Solve the following equation in positive integers $x$ and $y$ What are the solutions in positive integers of the equation: 
$${1+2^x+2^{2x+1}=y^2}$$
I tried to factorize the equation but it didn't help much.
Clearly $y $ is an odd integer. Substituting $y =2n+1$, we get 
$2^x+2^{2x+1}=(2n)\cdot{(2n+2)}$
$\Rightarrow (2^{x-2})\cdot(1+2^{x+1})=(n)\cdot(n+1)$
Which is the product of 2 consecutive integers. Does it help?
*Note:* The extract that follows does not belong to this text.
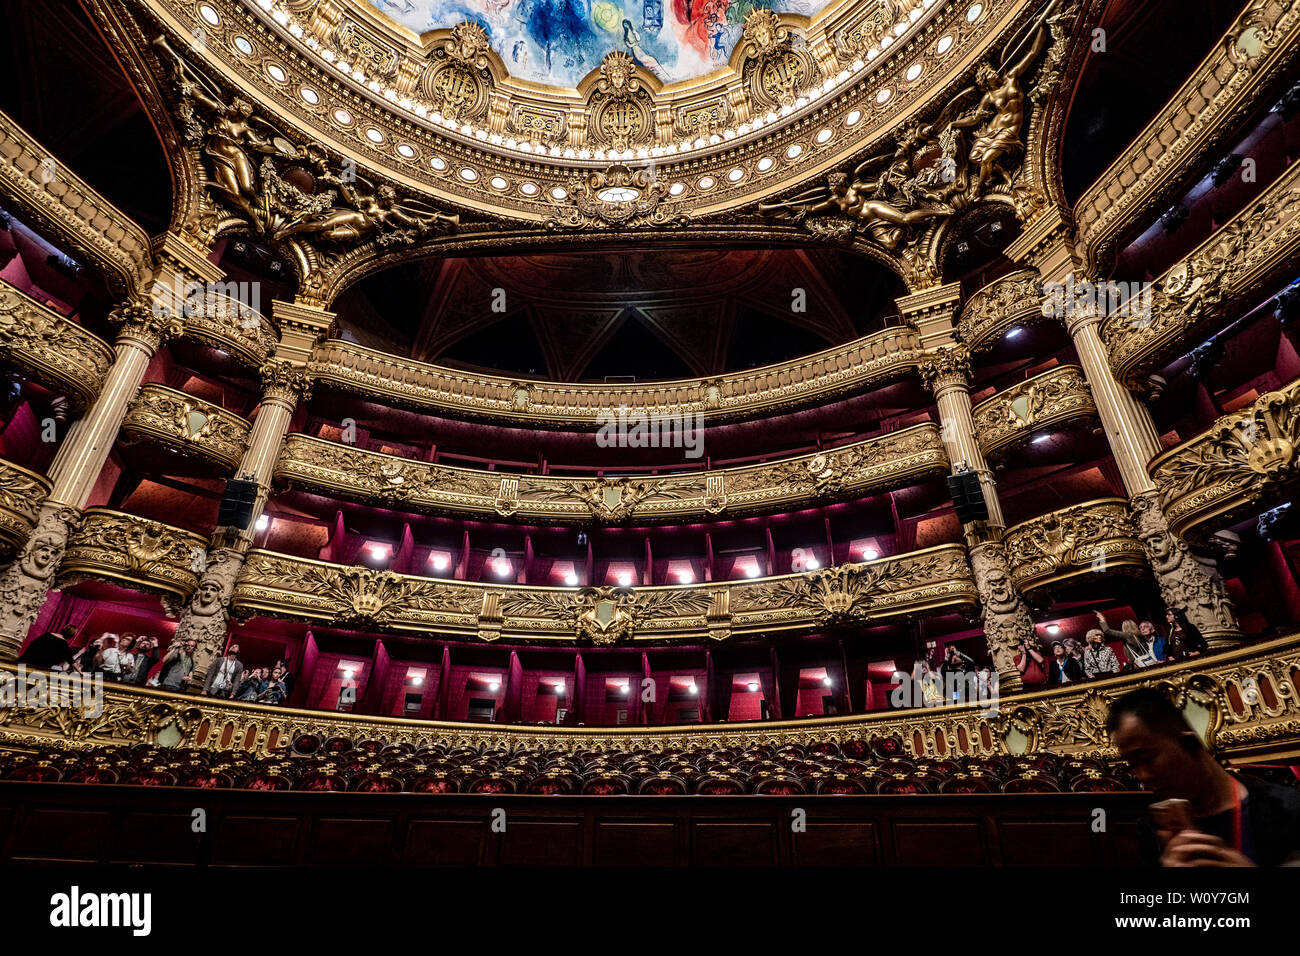 Palais Garnier - Paris Opera House - Tour groups Contemplate the suditorium interior architecture and decoration. Paris, France - May 14, 2019. Stock Photo

I don't know.
 A: http://olympiads.win.tue.nl/imo/imo2006/solutions.pdf
I remember this problem instantly because i was an IMO contestant. 
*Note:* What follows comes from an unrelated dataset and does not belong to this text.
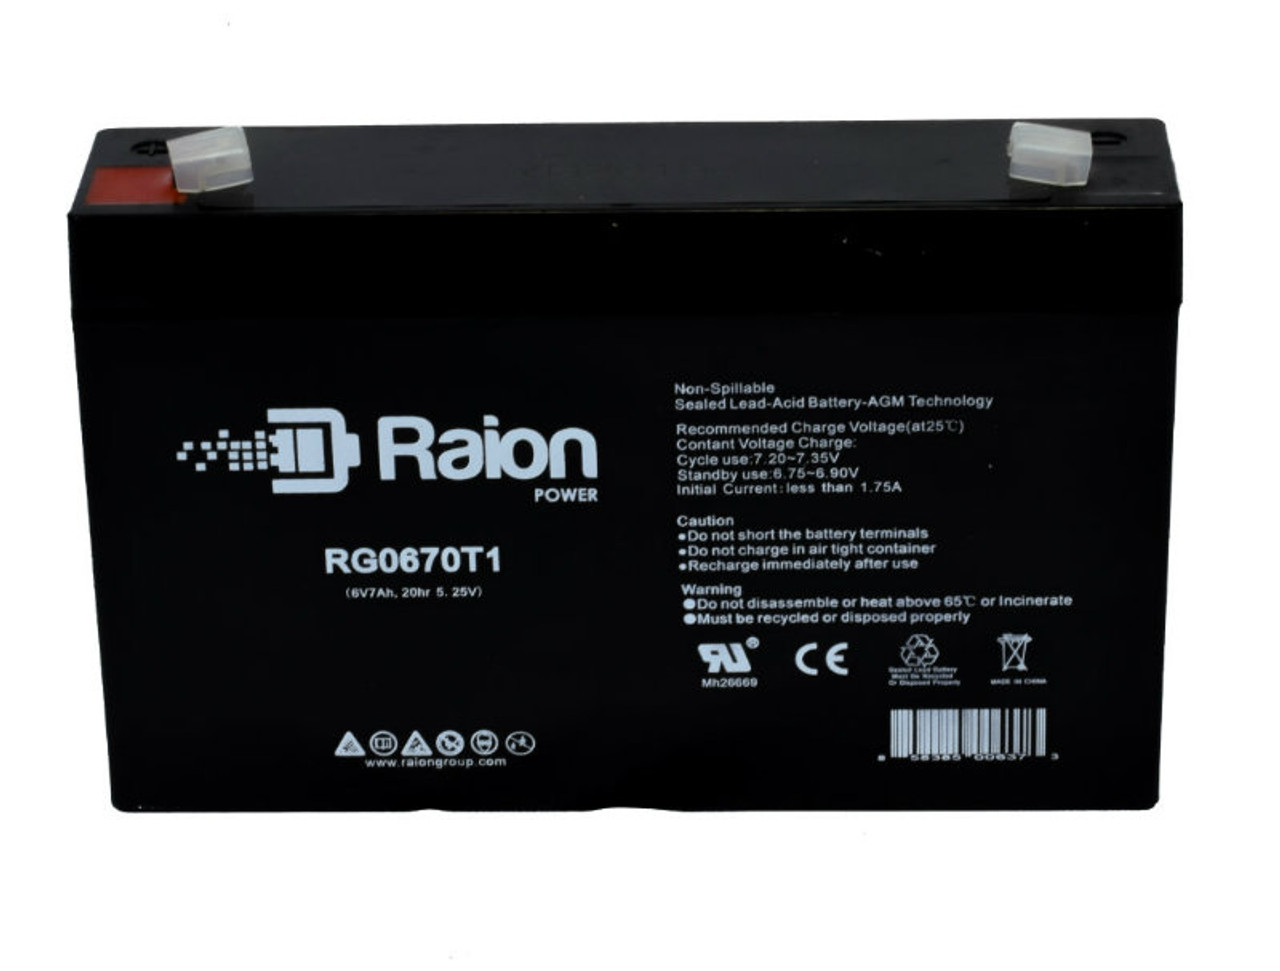 Raion Power RG0670T1 Replacement Battery Cartridge for Emergi-Lite JSM36

A: $1+2^x+2^{2x+1}=y^2$ or $1+2^{(x-1)+1}+2^{2(x-1)+3}=y^2$ or $1+2*2^{(x-1)}+8*2^{2(x-1)}=y^2$. Now, let $p=2^{(x-1)}$, then, $1+2p+p^2+7p^2=y^2$ or $(p+1)^2=y^2-7p^2$ , this a Rational Pell equation, now, it can be shown that any such Pell equation has solutions; $(r^2-d)^2=(r^2+d)^2-d(2r)^2$. Hence, by comparison, $d=7$, $p(=2^{(x-1)})=2r$, $y=r^2+7$ and $p+1=r^2-7$, from these equations we get; $8=r^2-2r=r(r-2)$. Hence, $r=4=2^{(x-2)}$. $x=4$, $y=23$. This is the only non-trivial integer solution.
A: Let $2^x = z$, then: $2z^2 + z + y^2 - 1 = 0$.
Calculate $\triangle = 1^2 - 4\cdot 2\cdot (y^2 - 1) = 9 - 8y^2$.
$\triangle > 0 \iff 9 - 8y^2 > 0 \iff y^2 < \dfrac{9}{8} = 1.11$, so $y = 1$, and $\triangle = 1$. So $z = \dfrac{-1 \pm 1}{2\cdot 2} = 0$ or $-0.5$, but $z =2^x > 2$. So there is no solution.
In fact $\triangle = 1^2 - 4\cdot 2\cdot (1-y^2) = 8y^2 - 7$. Now we solve the Pell equation:
$8y^2 - 7 = k^2$ or $8y^2 - k^2 = 7$. This has an initial solution $(y_0,k_0) = (1,1)$. Using this we can generate the general solution, then we can find $z$, and then $x$.